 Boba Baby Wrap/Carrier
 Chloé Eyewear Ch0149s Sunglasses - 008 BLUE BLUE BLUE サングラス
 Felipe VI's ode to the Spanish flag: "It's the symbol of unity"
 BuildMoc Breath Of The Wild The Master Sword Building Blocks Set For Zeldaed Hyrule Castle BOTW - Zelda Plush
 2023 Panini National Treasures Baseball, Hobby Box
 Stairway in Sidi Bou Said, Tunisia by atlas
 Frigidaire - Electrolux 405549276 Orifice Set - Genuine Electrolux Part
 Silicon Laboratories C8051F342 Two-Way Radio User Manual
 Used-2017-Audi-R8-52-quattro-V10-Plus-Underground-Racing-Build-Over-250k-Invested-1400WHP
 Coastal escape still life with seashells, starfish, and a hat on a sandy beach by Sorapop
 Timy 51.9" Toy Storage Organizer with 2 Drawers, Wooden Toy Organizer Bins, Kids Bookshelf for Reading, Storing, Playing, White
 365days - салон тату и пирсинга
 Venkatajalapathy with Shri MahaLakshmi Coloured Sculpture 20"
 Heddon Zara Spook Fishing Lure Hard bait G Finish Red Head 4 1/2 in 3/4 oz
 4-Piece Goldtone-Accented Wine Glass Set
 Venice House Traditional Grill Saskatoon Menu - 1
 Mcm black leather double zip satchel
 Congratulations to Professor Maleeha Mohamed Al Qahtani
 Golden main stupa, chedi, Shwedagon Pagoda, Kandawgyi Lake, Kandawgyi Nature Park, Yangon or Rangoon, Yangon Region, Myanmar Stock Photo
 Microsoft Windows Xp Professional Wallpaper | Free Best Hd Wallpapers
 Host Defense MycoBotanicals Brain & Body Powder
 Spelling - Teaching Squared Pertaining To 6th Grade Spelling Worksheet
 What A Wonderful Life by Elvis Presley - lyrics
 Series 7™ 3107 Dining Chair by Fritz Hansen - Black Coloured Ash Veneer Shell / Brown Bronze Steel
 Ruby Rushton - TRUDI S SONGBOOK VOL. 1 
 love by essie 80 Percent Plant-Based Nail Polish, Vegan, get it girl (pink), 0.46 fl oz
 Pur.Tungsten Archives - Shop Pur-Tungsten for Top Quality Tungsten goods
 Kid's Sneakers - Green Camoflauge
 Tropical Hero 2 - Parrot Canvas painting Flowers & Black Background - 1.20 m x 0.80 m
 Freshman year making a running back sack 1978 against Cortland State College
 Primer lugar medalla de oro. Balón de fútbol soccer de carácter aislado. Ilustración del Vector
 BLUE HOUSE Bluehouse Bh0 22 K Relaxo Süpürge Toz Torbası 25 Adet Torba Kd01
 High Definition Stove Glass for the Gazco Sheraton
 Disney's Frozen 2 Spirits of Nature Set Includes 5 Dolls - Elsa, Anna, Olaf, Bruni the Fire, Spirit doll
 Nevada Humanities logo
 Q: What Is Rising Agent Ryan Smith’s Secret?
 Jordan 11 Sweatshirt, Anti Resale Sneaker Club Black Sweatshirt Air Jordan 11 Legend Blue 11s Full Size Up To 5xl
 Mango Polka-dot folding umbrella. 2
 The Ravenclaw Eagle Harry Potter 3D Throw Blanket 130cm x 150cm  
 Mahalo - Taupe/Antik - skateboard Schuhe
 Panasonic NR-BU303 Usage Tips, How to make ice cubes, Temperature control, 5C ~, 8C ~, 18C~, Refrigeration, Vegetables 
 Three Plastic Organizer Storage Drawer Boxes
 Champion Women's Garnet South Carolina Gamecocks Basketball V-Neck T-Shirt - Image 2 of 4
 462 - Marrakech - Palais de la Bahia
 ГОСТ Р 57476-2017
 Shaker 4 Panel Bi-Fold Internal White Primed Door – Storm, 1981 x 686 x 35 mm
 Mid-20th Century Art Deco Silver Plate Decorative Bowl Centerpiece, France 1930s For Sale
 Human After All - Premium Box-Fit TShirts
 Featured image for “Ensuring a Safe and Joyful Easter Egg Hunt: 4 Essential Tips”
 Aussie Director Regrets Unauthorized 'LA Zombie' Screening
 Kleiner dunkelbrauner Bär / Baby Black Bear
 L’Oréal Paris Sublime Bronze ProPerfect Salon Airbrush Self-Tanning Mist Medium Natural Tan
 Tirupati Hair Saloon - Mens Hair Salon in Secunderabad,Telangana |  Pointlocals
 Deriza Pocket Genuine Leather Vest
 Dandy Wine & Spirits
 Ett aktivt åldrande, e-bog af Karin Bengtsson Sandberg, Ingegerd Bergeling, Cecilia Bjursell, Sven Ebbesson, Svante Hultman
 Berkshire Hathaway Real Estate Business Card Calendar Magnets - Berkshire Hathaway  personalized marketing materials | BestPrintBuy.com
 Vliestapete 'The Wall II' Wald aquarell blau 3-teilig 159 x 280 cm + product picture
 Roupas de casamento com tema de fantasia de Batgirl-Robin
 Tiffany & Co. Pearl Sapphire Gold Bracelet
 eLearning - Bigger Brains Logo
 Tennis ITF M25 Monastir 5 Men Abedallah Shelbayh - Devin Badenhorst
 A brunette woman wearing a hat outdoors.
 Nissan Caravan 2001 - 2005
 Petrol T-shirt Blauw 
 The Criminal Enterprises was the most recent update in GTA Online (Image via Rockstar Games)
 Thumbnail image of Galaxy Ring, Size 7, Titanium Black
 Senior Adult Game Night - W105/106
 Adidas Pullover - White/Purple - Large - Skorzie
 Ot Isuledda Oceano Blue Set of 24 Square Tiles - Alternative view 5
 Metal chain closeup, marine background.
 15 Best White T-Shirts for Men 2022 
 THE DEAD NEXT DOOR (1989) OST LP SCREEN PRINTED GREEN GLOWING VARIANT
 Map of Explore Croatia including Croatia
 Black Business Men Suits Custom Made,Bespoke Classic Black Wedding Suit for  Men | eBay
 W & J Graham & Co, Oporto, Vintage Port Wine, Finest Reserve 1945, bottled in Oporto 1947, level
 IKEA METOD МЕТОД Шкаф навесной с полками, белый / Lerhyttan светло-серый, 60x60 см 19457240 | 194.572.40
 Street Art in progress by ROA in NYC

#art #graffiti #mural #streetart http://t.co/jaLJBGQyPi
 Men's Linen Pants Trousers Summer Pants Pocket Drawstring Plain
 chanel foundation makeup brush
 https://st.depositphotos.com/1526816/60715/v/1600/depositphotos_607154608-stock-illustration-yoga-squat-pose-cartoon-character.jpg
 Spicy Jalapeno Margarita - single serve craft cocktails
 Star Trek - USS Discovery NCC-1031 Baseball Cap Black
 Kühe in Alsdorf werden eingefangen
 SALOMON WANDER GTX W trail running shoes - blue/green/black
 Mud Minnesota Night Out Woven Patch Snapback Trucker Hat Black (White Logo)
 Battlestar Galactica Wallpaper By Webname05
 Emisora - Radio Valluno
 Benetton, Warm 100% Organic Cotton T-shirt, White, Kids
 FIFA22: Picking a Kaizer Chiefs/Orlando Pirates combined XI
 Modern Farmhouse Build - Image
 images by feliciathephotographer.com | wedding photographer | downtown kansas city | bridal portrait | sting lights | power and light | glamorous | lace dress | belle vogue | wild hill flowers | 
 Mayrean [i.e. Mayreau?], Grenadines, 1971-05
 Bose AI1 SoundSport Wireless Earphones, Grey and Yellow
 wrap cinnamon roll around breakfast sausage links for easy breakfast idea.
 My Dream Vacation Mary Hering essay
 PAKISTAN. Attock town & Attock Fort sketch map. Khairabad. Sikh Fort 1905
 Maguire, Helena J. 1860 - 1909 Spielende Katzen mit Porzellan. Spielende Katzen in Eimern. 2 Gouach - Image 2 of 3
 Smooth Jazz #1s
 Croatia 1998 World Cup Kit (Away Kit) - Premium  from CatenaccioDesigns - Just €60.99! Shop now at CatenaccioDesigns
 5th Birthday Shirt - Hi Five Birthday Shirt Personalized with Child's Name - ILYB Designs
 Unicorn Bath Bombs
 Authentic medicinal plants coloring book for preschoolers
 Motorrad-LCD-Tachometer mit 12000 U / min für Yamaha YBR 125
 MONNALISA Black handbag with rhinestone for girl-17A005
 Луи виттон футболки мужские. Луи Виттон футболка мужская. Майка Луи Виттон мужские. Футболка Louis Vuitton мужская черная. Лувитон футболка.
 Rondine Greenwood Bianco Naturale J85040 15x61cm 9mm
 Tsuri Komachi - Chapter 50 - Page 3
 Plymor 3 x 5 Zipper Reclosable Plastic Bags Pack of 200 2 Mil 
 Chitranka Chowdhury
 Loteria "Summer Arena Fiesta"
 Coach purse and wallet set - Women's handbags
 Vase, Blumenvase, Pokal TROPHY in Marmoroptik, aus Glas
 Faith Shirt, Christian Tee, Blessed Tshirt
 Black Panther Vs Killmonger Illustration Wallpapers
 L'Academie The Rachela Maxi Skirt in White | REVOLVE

● **Your instructions**
Where a line contains the word "Croatia", copy that line from the listing above.

● **Answer section**
 Map of Explore Croatia including Croatia
 Croatia 1998 World Cup Kit (Away Kit) - Premium  from CatenaccioDesigns - Just €60.99! Shop now at CatenaccioDesigns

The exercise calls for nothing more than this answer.